We all have come across semi-supervised learning as a type of Machine Learning problem. But it is a concept not understood really well. It’s best to understand this by getting our hands dirty and precisely that’s what we are bringing on.
The use-case is simple, we have some data that maybe 100 observations, and out of that 30 are labeled (Supervised), the rest are unlabelled (Unsupervised)and we are working on a classification problem. I think all of you will agree that the performance that can be achieved by training on 30 cases or observations will be lesser if we could have used all 100 observations, unfortunately, 70 of them are unlabeled.

Essentially it is a binary classification problem. The two classes are indicated by the blue triangle and the red circles. The greyed diamonds indicate unlabeled data.
Our first strategy is
Step 1: Build a classifier on the labeled data (routine stuff)
Step 2: Use this to predict the unlabeled data. However, apart from the prediction, you also check your confidence level.
Step 3: Add those observations to the training data on which you are moderately confident. These are called as pseudo-labeled as contrasted to labeled data.
Step 4: Use this augmented dataset, now for training, and use this model.
As we are using the unsupervised data to augment the training data for supervised learning, this comes somewhere in between and hence the name semi-supervised.

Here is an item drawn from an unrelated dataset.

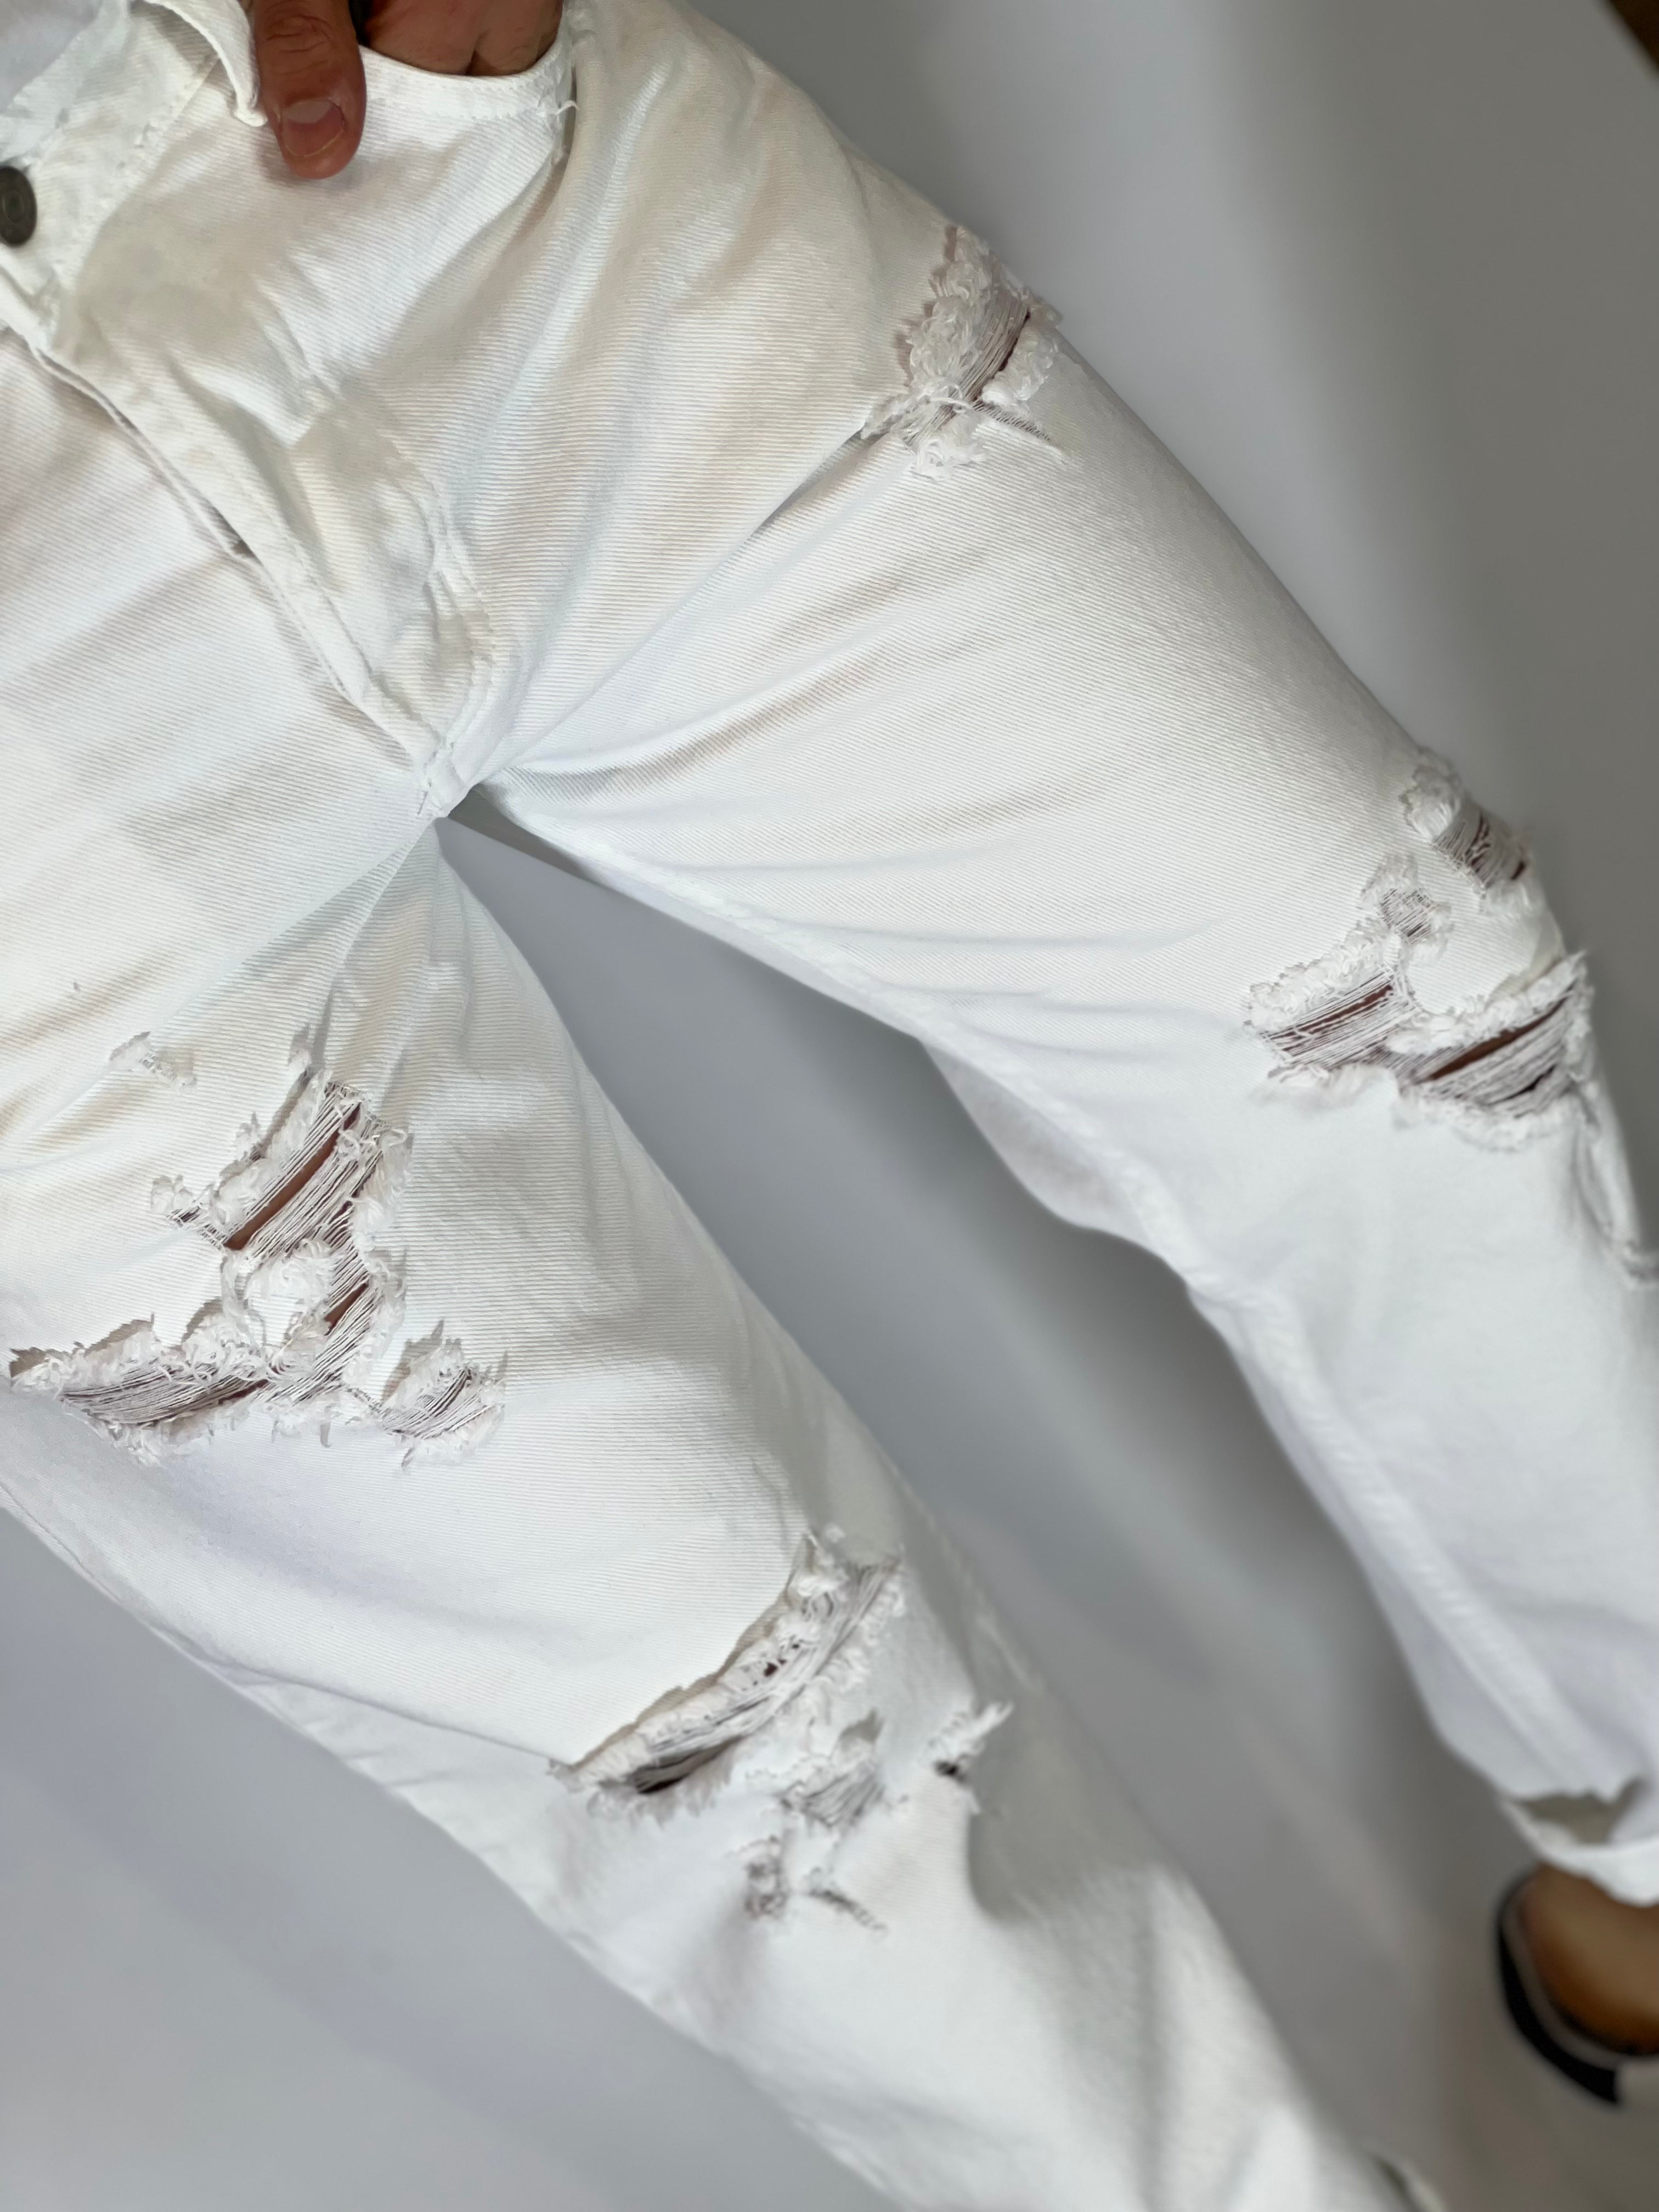 Pantalone loose fit bianco PONTE15-01

In the above diagram, the extension of training data is illustrated. For the observations we are confident, we have used a pseudo label and for those we are not confident, we have still kept it unlabeled.
Let’s jump to the codes now
We are creating a dummy scenario, where we divide the dataset (wine) into the train(labeled), unl(unlabeled), and test.
X_train, X_test, y_train, y_test = train_test_split(
X, y, test_size=0.3, random_state=1)
X_train, X_unl, y_train, y_unl = train_test_split(
X_train, y_train, test_size=0.7, random_state=1)
Here is the shape of train, test, and unlabeled respectively. Please note, we will not consider the label information of the unl portion, hence treating it as unlabeled

Next, we simply train on the labeled portion, which has just go 19 rows.
clf = Svm.SVC(kernel='linear', probability=True,C=1).fit(X_train, y_train)
clf.score(X_test, y_test)
The accuracy received is as follows:-

Next, we predict on the unlabeled data
df = pd.DataFrame(clp, columns = ['C1Prob', 'C2Prob','C3Prob'])
df['lab']=lab
df['actual']=y_unl
df['max']=df[["C1Prob", "C2Prob","C3Prob"]].max(axis=1)
You may have noticed that we have used the predicted probability, which predicts the class probability, instead of the labels, that actually will help us to find the confident guesses

We simply look at the absolute difference between the prediction probabilities
- When the three classes are equally probable then all have roughly 0.33 probability
- Any value greater than this shows some confidence
Essentially, we want to add those observations in training for which this difference in probability is high. The code goes below
The below graph gives the distribution of confidence as expressed by the probability of the class which is most probable.

Next, we run a loop where for different threshold values of the most probable class the data is added to the observation.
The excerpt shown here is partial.